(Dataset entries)
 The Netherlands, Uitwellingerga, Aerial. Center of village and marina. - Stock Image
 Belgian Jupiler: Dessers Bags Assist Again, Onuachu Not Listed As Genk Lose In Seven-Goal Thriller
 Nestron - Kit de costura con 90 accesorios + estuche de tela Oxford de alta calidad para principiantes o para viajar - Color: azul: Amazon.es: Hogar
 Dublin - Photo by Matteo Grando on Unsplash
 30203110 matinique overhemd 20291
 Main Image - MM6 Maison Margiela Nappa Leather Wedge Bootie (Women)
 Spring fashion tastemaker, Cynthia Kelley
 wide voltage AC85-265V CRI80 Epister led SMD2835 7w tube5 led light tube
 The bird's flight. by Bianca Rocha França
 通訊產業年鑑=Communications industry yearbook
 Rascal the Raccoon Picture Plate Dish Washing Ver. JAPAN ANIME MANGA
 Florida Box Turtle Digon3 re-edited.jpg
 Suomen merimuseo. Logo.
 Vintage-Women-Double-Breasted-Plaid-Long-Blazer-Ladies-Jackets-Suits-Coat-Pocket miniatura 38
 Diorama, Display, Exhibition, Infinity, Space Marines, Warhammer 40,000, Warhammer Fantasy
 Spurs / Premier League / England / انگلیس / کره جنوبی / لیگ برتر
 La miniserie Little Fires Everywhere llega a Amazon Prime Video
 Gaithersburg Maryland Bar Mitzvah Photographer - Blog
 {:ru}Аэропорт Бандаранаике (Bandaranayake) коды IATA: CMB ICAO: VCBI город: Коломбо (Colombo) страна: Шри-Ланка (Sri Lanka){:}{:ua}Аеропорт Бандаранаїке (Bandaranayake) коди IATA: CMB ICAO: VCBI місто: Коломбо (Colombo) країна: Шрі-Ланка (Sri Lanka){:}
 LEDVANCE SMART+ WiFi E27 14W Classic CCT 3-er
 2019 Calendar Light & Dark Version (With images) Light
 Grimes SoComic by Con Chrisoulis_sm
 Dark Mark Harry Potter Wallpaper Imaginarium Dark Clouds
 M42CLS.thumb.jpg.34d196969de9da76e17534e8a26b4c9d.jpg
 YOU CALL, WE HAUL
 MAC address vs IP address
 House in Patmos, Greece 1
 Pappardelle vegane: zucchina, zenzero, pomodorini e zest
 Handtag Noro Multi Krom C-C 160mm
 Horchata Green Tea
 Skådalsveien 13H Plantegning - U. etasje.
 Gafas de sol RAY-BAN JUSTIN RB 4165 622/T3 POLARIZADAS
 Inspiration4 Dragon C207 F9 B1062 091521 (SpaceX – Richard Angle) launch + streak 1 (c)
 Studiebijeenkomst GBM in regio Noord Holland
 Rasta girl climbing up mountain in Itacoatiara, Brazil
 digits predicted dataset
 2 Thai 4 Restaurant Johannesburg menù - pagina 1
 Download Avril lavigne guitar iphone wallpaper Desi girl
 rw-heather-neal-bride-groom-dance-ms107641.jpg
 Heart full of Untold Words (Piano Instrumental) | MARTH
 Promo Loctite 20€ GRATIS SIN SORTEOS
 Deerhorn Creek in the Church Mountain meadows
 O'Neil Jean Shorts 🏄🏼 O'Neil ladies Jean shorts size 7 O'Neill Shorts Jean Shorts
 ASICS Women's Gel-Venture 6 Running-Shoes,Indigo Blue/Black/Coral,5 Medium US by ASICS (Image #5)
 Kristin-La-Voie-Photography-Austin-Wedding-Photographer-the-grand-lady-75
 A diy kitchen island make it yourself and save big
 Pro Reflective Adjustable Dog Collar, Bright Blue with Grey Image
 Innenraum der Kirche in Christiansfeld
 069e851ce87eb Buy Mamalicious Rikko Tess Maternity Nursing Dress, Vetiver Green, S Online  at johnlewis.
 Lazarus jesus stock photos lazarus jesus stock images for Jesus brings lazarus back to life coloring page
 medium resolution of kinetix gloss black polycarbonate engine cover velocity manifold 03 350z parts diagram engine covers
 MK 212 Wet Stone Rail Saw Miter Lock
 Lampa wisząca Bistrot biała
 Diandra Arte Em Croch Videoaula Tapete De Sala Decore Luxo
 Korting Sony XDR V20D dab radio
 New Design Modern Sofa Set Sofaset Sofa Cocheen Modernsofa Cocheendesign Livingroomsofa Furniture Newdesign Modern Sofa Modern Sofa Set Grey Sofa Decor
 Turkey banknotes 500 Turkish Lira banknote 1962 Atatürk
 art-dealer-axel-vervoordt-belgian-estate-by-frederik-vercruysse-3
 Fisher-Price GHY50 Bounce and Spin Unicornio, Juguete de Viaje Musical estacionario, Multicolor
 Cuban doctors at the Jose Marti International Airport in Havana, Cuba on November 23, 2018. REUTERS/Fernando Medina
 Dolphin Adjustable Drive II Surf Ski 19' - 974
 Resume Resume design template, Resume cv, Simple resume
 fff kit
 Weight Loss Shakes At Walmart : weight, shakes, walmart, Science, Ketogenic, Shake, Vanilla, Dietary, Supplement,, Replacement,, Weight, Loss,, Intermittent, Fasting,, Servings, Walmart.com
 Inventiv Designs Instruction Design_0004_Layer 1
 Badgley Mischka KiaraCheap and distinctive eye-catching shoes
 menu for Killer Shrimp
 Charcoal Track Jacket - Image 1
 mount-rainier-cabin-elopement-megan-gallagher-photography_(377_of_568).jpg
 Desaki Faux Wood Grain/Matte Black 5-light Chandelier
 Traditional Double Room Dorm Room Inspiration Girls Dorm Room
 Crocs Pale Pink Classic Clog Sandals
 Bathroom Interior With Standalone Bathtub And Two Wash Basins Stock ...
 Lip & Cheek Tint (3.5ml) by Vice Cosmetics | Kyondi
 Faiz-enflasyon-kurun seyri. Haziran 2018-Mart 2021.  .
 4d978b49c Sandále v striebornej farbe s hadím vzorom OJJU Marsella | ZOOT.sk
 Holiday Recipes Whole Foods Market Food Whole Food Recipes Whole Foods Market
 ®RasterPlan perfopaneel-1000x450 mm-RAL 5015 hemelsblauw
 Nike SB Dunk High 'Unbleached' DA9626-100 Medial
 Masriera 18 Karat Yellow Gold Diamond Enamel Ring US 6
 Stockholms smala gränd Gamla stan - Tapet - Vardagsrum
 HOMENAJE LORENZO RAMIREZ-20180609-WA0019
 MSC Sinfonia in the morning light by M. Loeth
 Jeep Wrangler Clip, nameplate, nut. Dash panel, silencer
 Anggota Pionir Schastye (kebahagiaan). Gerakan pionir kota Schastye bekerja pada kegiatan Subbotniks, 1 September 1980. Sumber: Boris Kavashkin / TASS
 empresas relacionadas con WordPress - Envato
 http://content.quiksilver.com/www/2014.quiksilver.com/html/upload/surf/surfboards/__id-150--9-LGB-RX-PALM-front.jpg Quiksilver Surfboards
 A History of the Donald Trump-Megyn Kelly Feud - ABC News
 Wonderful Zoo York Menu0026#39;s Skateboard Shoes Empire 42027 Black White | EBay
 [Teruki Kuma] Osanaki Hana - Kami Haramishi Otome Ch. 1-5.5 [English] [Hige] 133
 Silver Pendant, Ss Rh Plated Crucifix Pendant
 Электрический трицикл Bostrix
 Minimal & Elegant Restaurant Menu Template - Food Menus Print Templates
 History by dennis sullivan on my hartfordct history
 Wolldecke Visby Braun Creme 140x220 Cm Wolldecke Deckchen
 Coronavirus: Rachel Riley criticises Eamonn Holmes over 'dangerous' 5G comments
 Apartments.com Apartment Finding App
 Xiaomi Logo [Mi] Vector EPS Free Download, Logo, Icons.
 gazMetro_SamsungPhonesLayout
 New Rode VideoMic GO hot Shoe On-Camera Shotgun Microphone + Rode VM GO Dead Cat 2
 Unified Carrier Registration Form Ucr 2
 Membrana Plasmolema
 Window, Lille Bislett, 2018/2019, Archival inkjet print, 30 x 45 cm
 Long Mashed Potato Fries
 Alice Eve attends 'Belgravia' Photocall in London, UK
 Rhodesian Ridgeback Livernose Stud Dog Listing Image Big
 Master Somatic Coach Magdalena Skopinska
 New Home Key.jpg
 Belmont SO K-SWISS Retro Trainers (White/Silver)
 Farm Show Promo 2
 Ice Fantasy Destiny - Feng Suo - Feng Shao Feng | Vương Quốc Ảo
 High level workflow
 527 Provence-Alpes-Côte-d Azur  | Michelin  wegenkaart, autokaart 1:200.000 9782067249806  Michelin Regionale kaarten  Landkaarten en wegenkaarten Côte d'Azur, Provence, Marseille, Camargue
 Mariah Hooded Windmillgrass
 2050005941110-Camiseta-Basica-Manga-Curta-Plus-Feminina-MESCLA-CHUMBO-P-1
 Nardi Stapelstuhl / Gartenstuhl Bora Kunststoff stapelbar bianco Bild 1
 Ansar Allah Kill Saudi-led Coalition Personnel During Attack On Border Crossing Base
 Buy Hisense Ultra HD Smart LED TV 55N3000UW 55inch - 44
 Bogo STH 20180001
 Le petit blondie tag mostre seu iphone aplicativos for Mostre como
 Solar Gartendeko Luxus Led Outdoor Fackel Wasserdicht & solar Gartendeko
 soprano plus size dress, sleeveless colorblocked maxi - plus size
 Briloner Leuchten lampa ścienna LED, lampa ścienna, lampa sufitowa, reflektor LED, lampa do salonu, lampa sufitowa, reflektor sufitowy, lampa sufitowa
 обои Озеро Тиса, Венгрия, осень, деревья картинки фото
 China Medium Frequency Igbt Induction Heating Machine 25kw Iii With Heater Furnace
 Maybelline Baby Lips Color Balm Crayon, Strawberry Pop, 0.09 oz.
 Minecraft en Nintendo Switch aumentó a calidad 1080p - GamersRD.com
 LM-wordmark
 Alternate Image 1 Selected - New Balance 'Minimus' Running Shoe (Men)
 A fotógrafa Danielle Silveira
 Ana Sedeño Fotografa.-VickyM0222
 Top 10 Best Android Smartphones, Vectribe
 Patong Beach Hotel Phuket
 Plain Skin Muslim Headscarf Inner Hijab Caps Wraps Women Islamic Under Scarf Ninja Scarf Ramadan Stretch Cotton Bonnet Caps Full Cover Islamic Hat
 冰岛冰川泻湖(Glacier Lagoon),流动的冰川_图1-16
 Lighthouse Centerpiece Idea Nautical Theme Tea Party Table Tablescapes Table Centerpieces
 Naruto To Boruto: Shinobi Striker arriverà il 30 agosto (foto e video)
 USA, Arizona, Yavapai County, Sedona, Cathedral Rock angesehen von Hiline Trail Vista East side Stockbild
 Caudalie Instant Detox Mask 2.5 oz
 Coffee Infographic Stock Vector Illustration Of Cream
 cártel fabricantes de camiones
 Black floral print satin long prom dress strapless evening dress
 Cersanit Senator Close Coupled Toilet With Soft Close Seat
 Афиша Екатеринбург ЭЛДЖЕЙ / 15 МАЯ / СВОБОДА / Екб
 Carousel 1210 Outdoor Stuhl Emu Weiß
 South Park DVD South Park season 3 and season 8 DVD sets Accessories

### EXERCISE
Report the number of lines in these entries that hold the word "History". Add nothing else.

### THE ANSWER
2